New Weakness Identified in Childhood Brain Tumor

A new weakness found in aggressive medulloblastoma can help customize drugs by targeting specific tumor cells and lead to improved treatment methods for cancer patients.

A new weakness has been found in aggressive medulloblastoma that can lead to more efficient and targeted drugs and improve treatment in some cancer patients, reveals a new study.

Medulloblastoma is the most common form of childhood brain tumor, according to an early study by Queen Mary University of London (QMUL), funded by the Medical Research Council and Brain Tumor Research.

About Brain Tumor
Brain tumors are the abnormal growth of brain cells that may be benign or metastatic. Brain tumors account for about 2.4% of all the tumor diagnosesandare most challenging due to their critically delicate location.

‘BMI1 and CHD7 are two proteins that act as biomarkers in identifying patients who could benefit from the personalized drugs. ’

Current treatments for medulloblastoma include a combination of surgery, radiotherapy and chemotherapy which are not specific in how they target the tumor, and often lead to significant side effects, such as mental and physical disabilities.

Treatment is further complicated by the fact that medulloblastoma is not a single disease but classified into subgroups with different prognosis and survival. Little is known about the most aggressive and most common form of the disease, and better knowledge on how to identify and treat those patients could improve prognosis.

Lead researcher Professor Silvia Marino from QMUL said: "We've identified a new weakness in a subgroup of aggressive medulloblastomas, which potentially means that they could be susceptible to drugs which we did not know could be used to treat this type of cancer.

Brain Tumor in Children - Types, Causes, Symptoms, Diagnosis & Treatment
An abnormal growth of cells in the brain is called brain tumor. Most tumors arise within the brain (primary). They can be benign or cancerous.

"Those drugs are already being tested in clinical trials for other tumors, so if we're able to confirm their efficacy in medulloblastoma patients, they could be brought in as treatments quicker than if we would have to develop a new drug."

Dr Kieran Breen, Director of Research, Brain Tumor Research, said: "Brain tumors are the largest cause of cancer deaths for those under the age of 40, yet there are still very few effective treatments available and not everybody will respond to these. We need more effective and targeted drugs. The results from this study will allow for the identification of tumor subtypes which we can target with individual agents and ultimately increase the survival rate for people with this type of tumour."

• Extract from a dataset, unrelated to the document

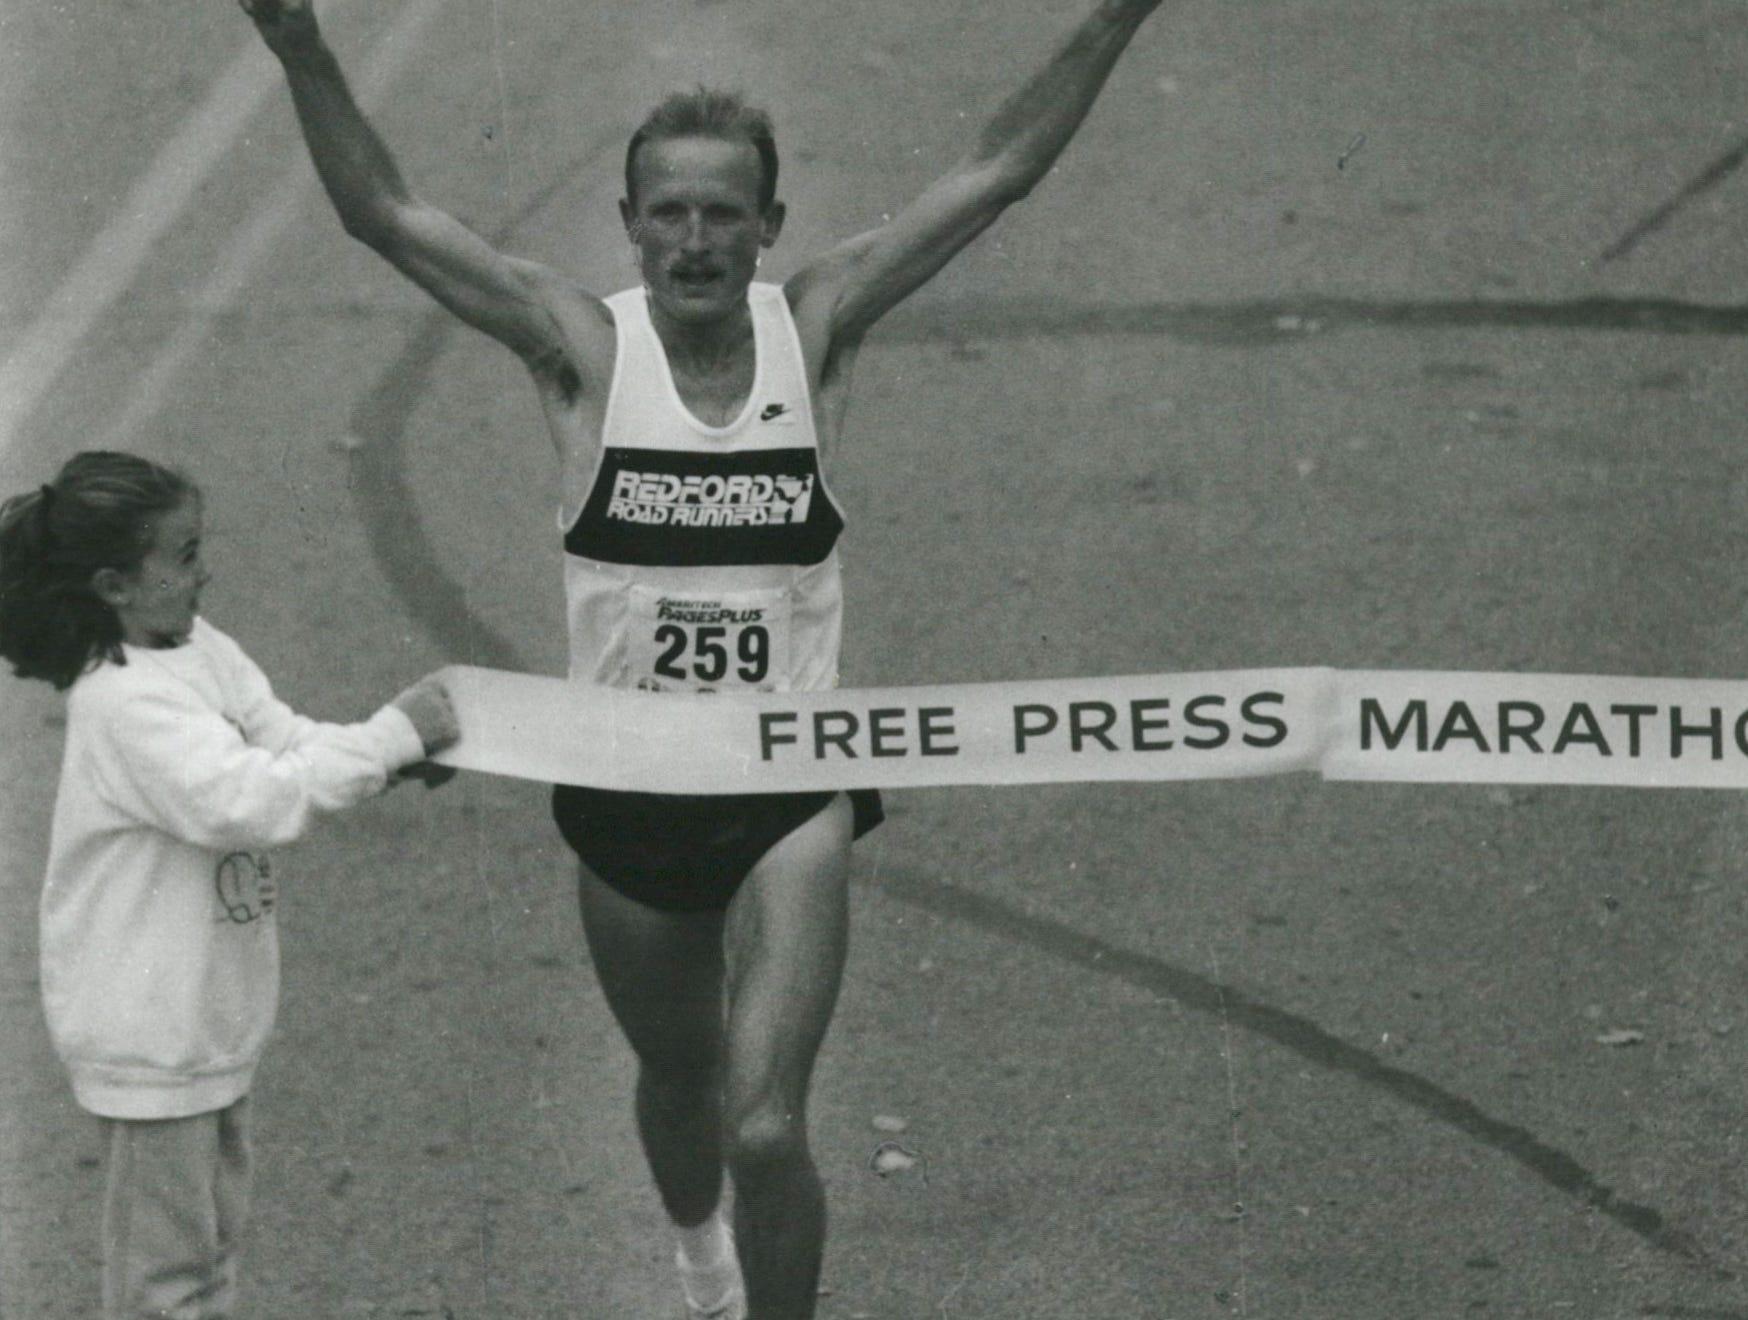 Doug Kurtis, men' s winner of the Free Press Marathon, crosses the finish line at Belle Isle in 1988

The research, published in Cell Reports, used mouse models and human cells derived from medulloblastoma tissue samples to look at the levels of two proteins, known as BMI1 and CHD7, in these tumours.

The team found that high levels of BMI1 in combination with low levels of CHD7 were associated with a poor prognosis in aggressive human medulloblastoma and that this was due to overactivation of a pathway which controls tumor growth and division.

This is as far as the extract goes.